On July 12, 2025, The Guardian published an article with the worrying title: "Quality of scientific papers questioned as academics “overwhelmed” by the millions published ." It discusses an explosion of scientific publications, often generated by artificial intelligence (AI), to the point of saturating journals and drowning human contributions in a mass of articles with sometimes dubious content.
This observation raises a legitimate question: if AI is capable of writing scientific articles , can it also write columns? Can it replace the author of an opinion, reflection or engagement text?
The question is worth asking, not only for technical reasons, but also for intellectual and ethical considerations. At first glance, AI seems cut out for the task: it can produce clear, well-structured texts, free of errors, and adapted to a specific tone. It has mastered the art of rhetoric, can synthesize multiple sources, and mimic the style of a seasoned editorial writer.
Living thoughtHowever, a platform is not limited to an elegant form.
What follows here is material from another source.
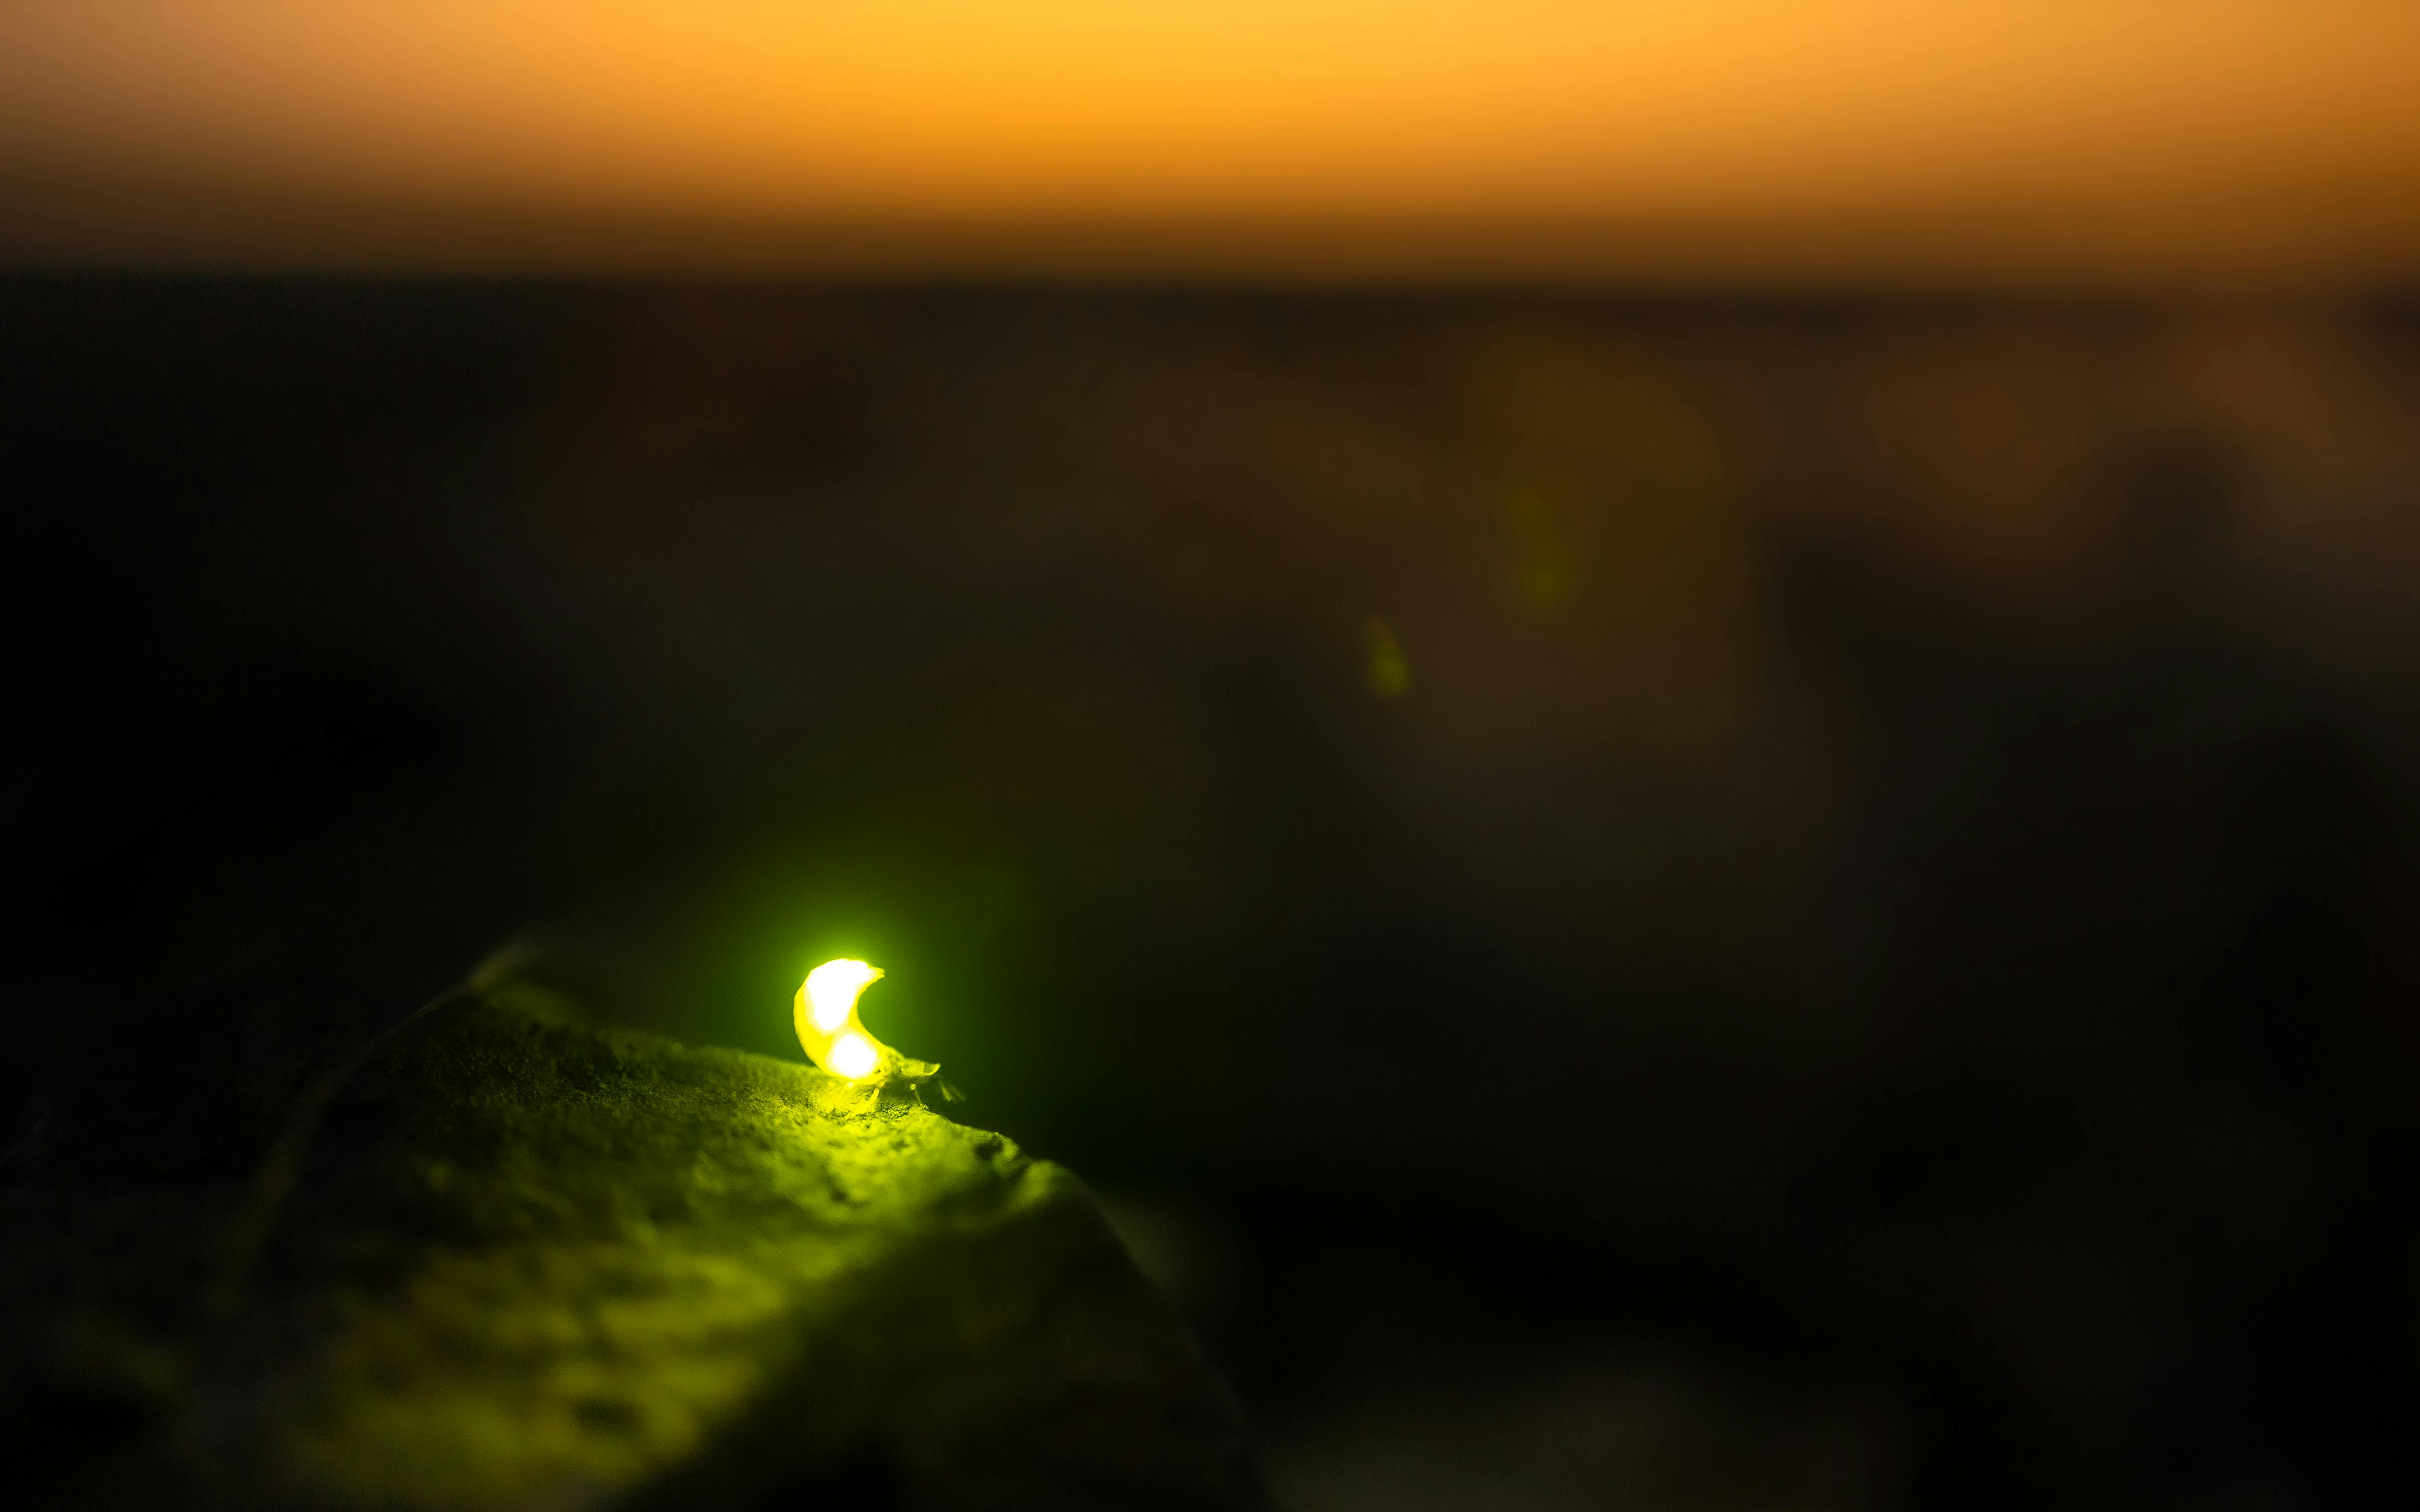 Firefly Photos Download The BEST Free Firefly Stock Photos  HD Images

It is the fruit of personal thought, commitment, sometimes anger or hope. It presupposes a position, a singular point of view, anchored in human experience.
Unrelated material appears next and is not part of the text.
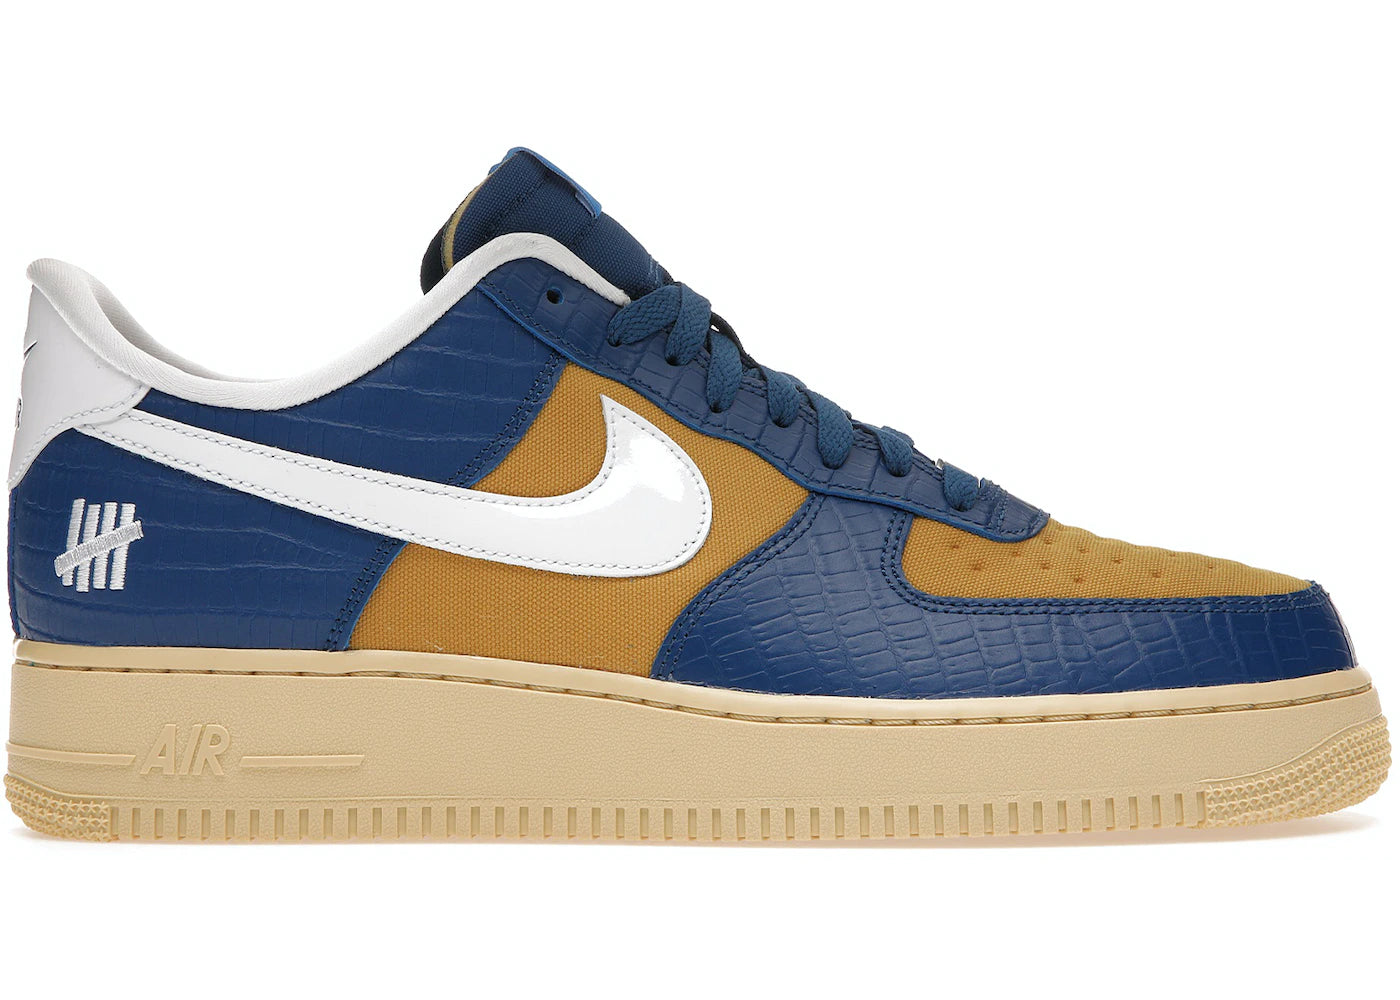 Nike Air Force 1 Low SP Undefeated 5 On It Blue Yellow Croc - Used

Victor Hugo (1802-1885) wrote: "Form is content rising to the surface." In other words, a good text does not separate appearance from content: it embodies a living thought. Can an AI, however sophisticated, formulate its own thought? Can it feel injustice, be indignant, doubt, believe, or hope? No. It can mimic these emotions, but not experience them. What makes a platform powerful is often what escapes pure logic: an intuition, an intimate experience, a flaw, or a revolt. These are things that AI can only simulate.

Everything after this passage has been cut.